CBD for arthritis and gum disease. A team of Israeli, British, and American scientists analyzed the anti-inflammatory and painkilling effects of synthetic CBD in an animal model of arthritis. “CBD was shown to exert a potent analgesic effect” in preclinical research, which shed new light on CBD’s “anti-inflammatory mechanisms of action.” Another preclinical probe, conducted at the University of Leeds School of Dentistry in the UK, documented the potent anti-inflammatory effects of CBD on gum disease. The ability of CBD to modulate immune function “could provide possible therapeutic applications in the field of periodontal research,” the Leeds study concluded.
CBD oil products
There’s good reason to be excited about CBD’s potential health benefits, but a word of caution is necessary. Administering pure CBD to animals in a controlled laboratory setting is not the same as human consumption of a CBD oil product purchased from an unregulated internet storefront.
The Prague-based International Cannabis and Cannabinoids Institute (ICCI) analyzed the quality of 70 hemp-derived CBD oil samples available in the European Union, and the results reported at the ICRS symposium were sobering, to say the least. Twenty percent of the samples contained less CBD than indicated on the label. THC was present in 89 percent of the samples, but in most cases no amount of THC was provided. And traces of highly toxic polycyclic aromatic hydrocarbons were found in all the oils tested, underscoring the strong need for better extraction and processing practices by CBD product-makers.
Similar problems plague the CBD market in the United States. Inaccurate or incomplete CBD product labels undermine a consumer’s ability to make well-informed decisions. According to researchers at Thomas Jefferson University in Philadelphia and Washington University in St. Louis: “Recent studies have demonstrated that hemp-derived CBD products purchased over the internet are frequently mislabeled, contaminated, or are outright fraudulent (contain no cannabinoids whatsoever). Therefore, patients are more likely to receive medical benefit from products that are routed through state-licensed cannabis markets, where lab testing for CBD content is required.”

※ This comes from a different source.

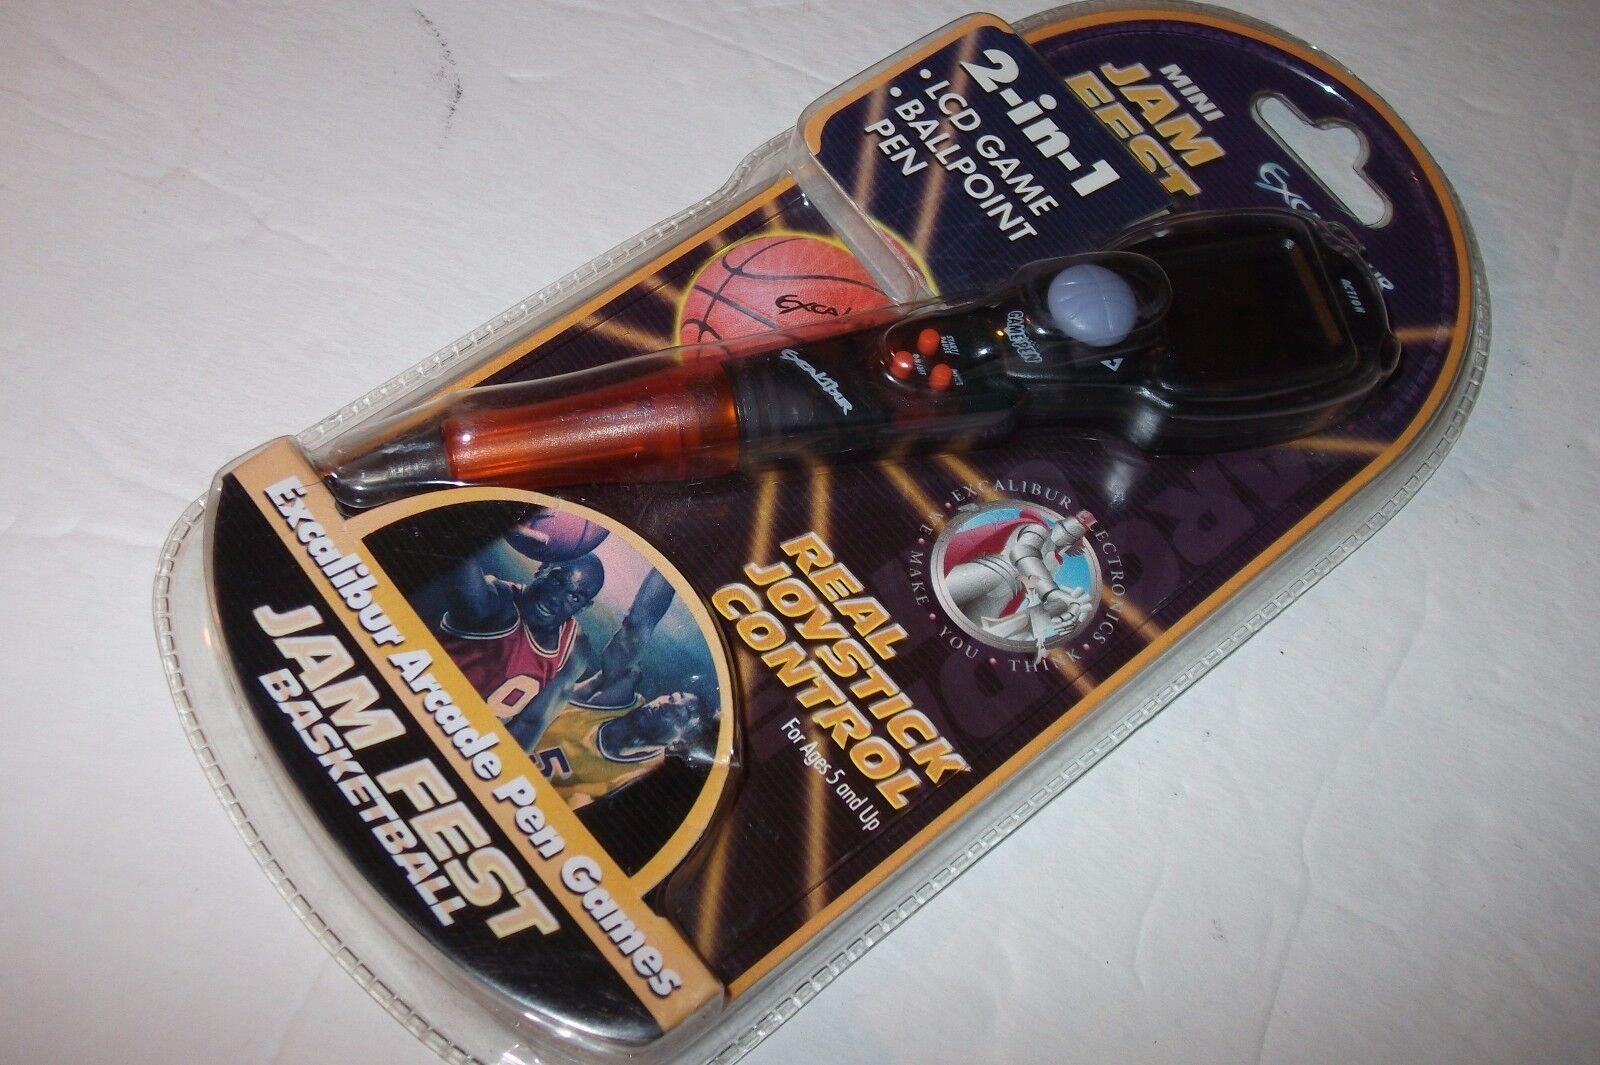 NEW Excalibur Mini Jam Fest Basketball LCD Arcade Pen Game - Sealed - FREE SHIP
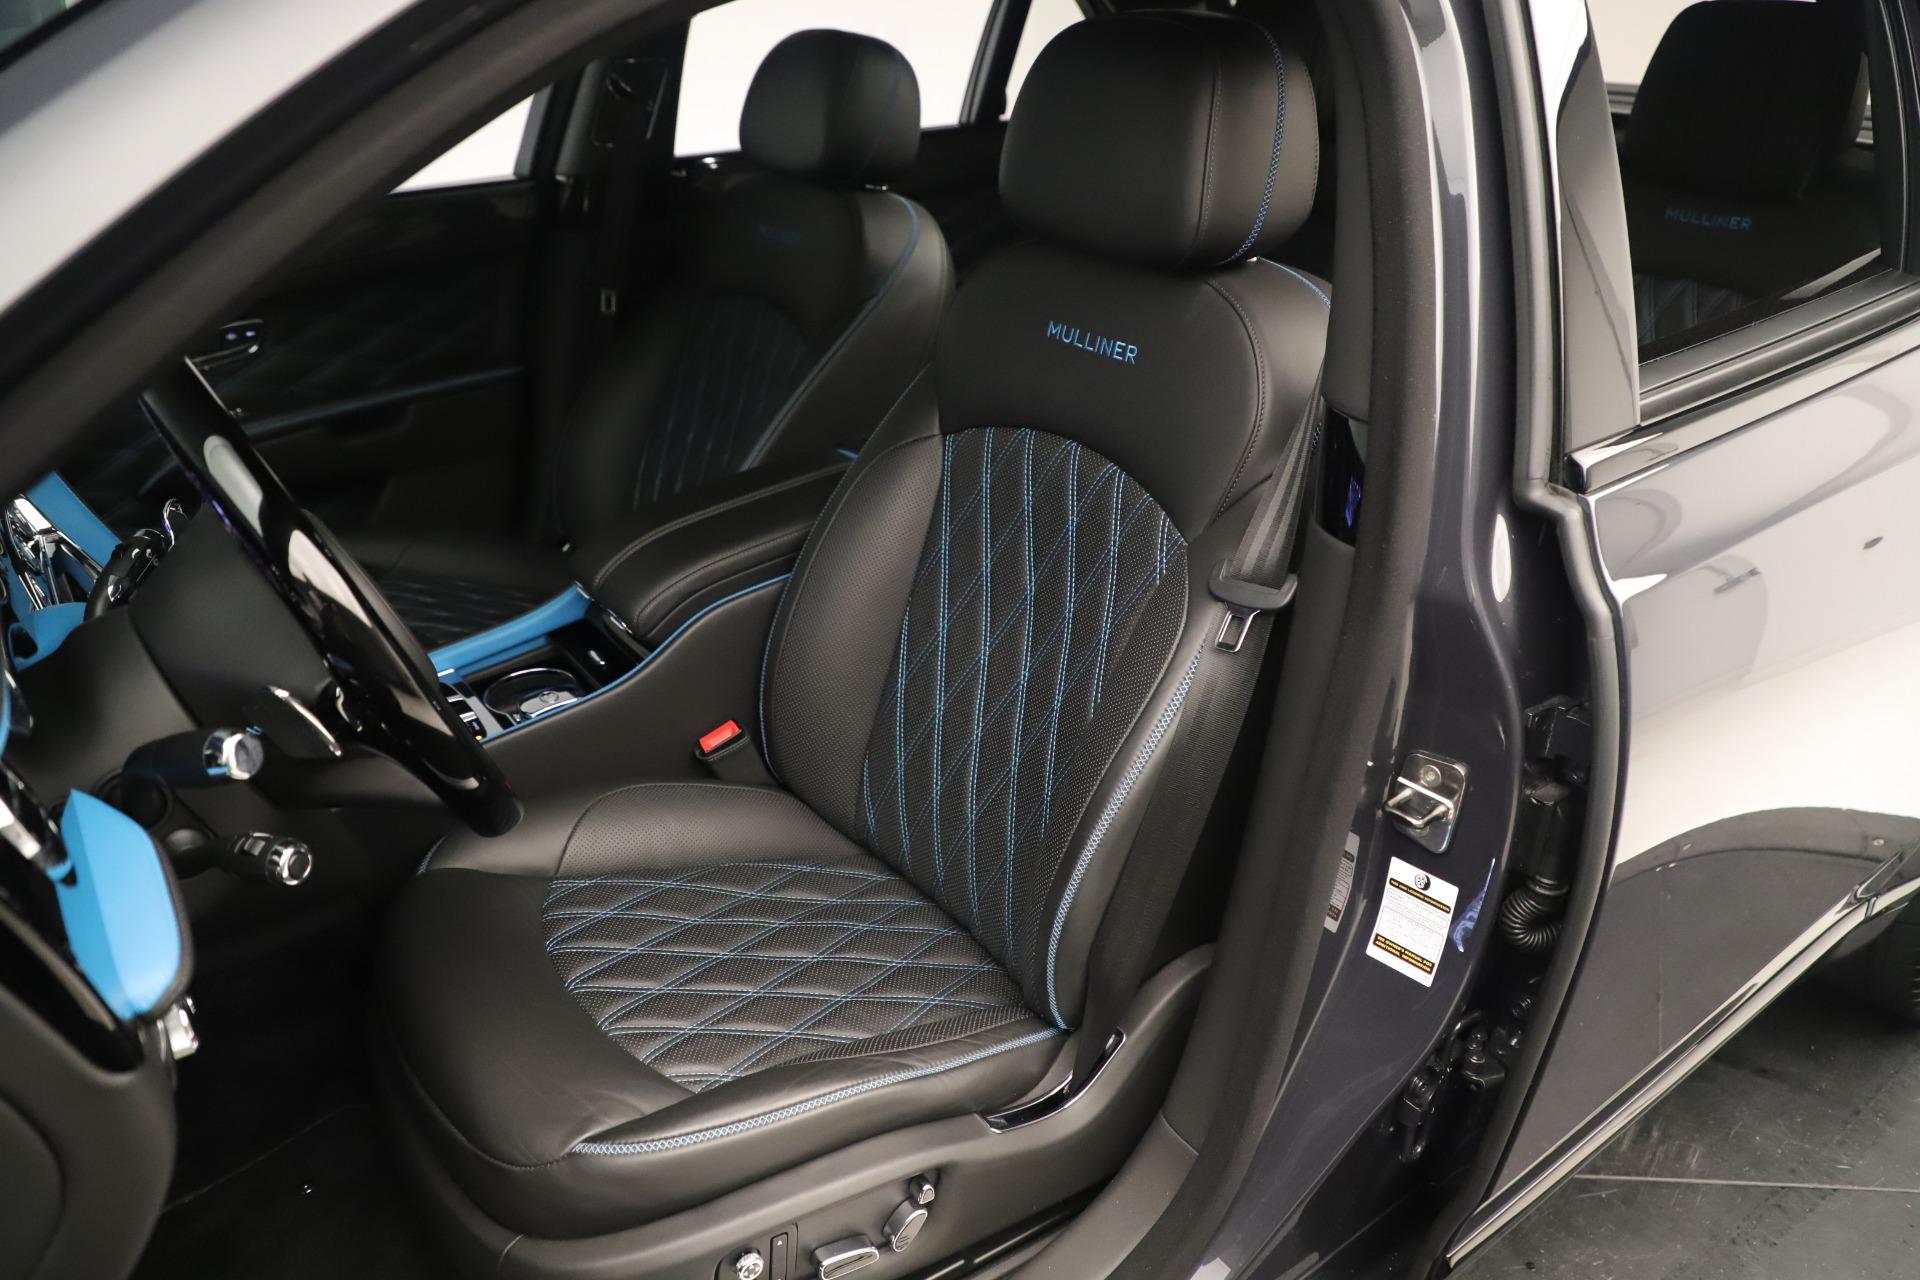 Used 2018 Bentley Mulsanne Speed Design Series For Sale In Westport, CT 3405_p20

Licensed cannabis dispensaries and delivery services also need to up their game and improve their product offerings. “Despite the obvious medical benefits, the availability of CBD-containing products in state-licensed retail stores is highly variable and surprisingly sparse. In one Pennsylvania store only 20 of products (39 or 196) contained CBD,” the U.S. researchers noted. “Results highlight the need for expanded patient access to CBD products.”